Com a criação da Companhia Geral da Agricultura dos Vinhos do Alto Douro, em 1756, que adquirira o direito do monopólio da venda na cidade do Porto e de exportação para o Brasil, subiu o preço do quartilho de vinho nas tavernas da cidade. O povo reagiu contra o aumento — e foi violentamente reprimido. Com o objetivo de evitar a reação dos mais poderosos, proibiu a exportação do ouro e tentou limitar os principais benefícios e lucros a grupos restritos e privilegiados. Para estabelecer um sistema de defesa do grande mercador e conseguir a simpatia de parte da nobreza, criou algumas companhias comerciais: Companhia da Ásia (1753), Companhia do Pará e Maranhão (1755), Companhia da Pesca da Baleia (1756) e Companhia de Pernambuco e Paraíba (1759). Por outro lado, a fim de limitar o dinheiro disponível pelo pequeno comércio, regulamentou os empréstimos a juros, reduziu os direitos do tabaco e fixou os preços de compra e encargos de fretes.

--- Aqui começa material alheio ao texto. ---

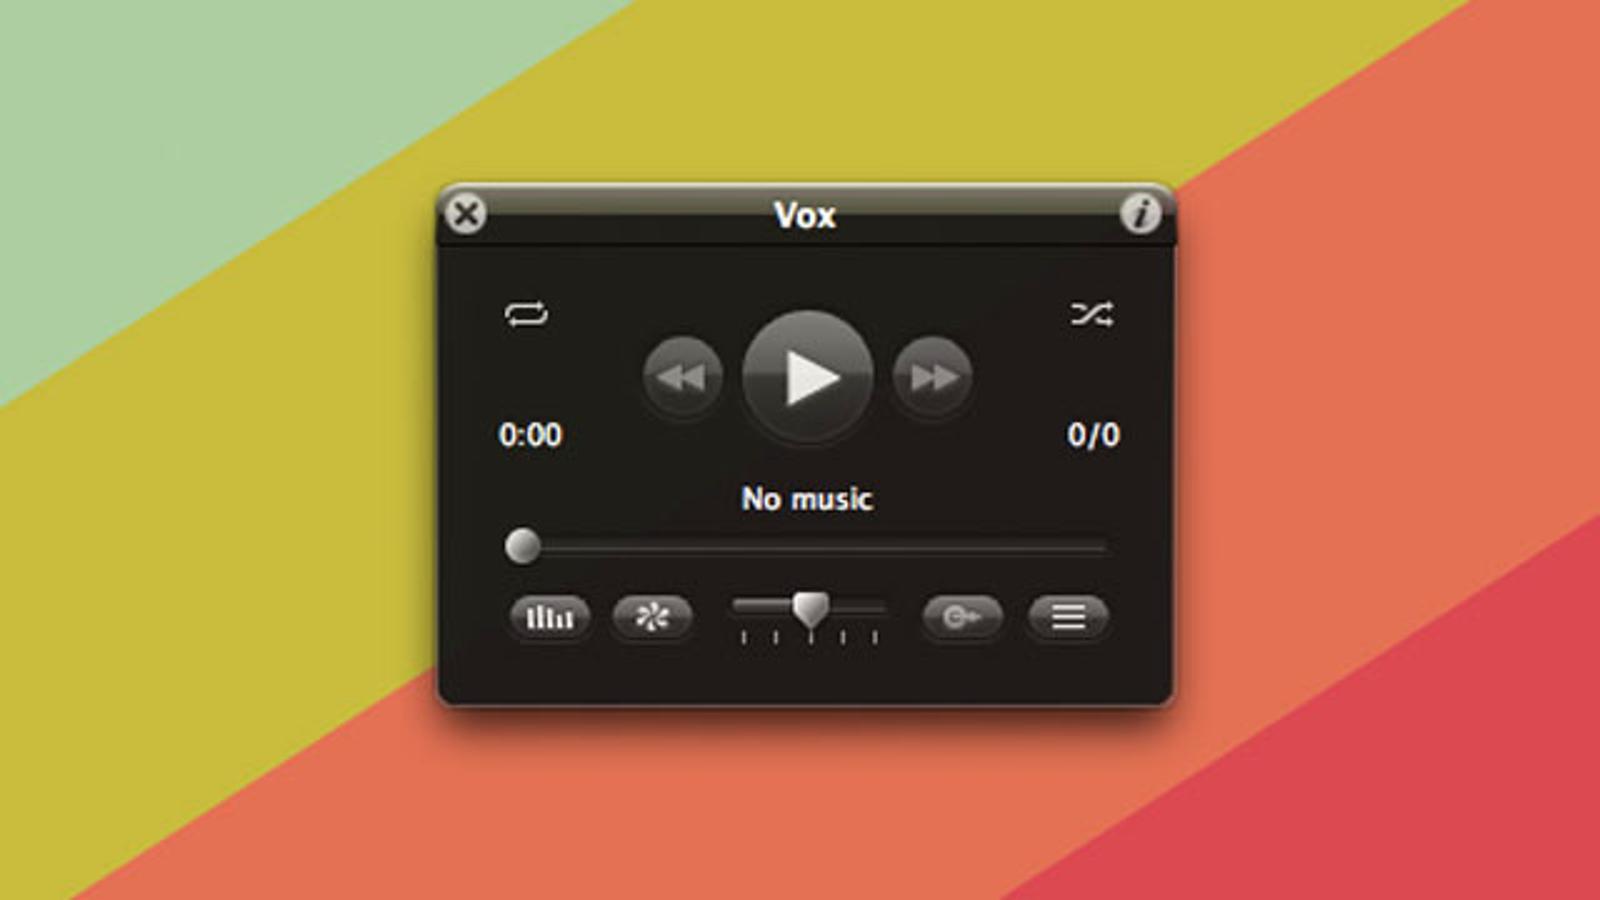 vox player album view

A maior parte dessas medidas fiscais visava especialmente ao comércio com a principal colônia — o Brasil. Tais medidas despertaram violentas reações: luta armada no Brasil, revoltas populares no Porto, um atentado contra o rei e antagonismos dentro da burguesia de Lisboa. A todas essas revoltas, respondeu com repressão ainda mais violenta. Externamente, não obstante os conflitos de interesse entre portugueses e britânicos, sua política continuava a se apoiar na InglaterraNa última fase de seu governo, a oposição passou a exercer uma pressão cada vez mais consistente. Enquanto isso, ele procurava incrementar um certo tipo de instrução: promoveu a montagem da Aula de Comércio e do Real Colégio dos Nobres, além da criação da Real Mesa Censória, que tinha por função administrar e dirigiras escolas menores, fazendo parte de um amplo esquema de repressão que incluía o controle dos livros. Era a primeira vez que se tomavam providências no sentido de reorganizar os estudos depois dos alvarás de 1759 e 1760,

Essa decisão tirava dos jesuítas o direito de ensinar. Em 1752, foi efetuada a reforma da Universidade de Coimbra. De acordo com os historiadores, essa medida foi o maior mérito do seu governo. Com a morte do rei, que lhe dava total apoio, iniciou-se a reviravolta. Com a assunção da rainha Maria I, foi obrigado a sair de Lisboa, apedrejado pelo povo. Em 1779, um ano e meio após o seu afastamento, começou um processo em que foi acusado de abuso de poder, roubo e outros tipos de fraude. Tentou se defender, transferindo a responsabilidade de seus atos ao rei José I. Segundo ele, o monarca era o único culpado pelas perseguições e violências de que era acusado. A rainha considerou sua defesa um atentado à memória de seu pai. Ordenou, então, uma sindicância para apurar os atos do marquês. Foi condenado, mas devido à sua avançada idade (oitenta anos) e suas péssimas condições de saúde, acabou sendo desterrado. Faleceu em 1782.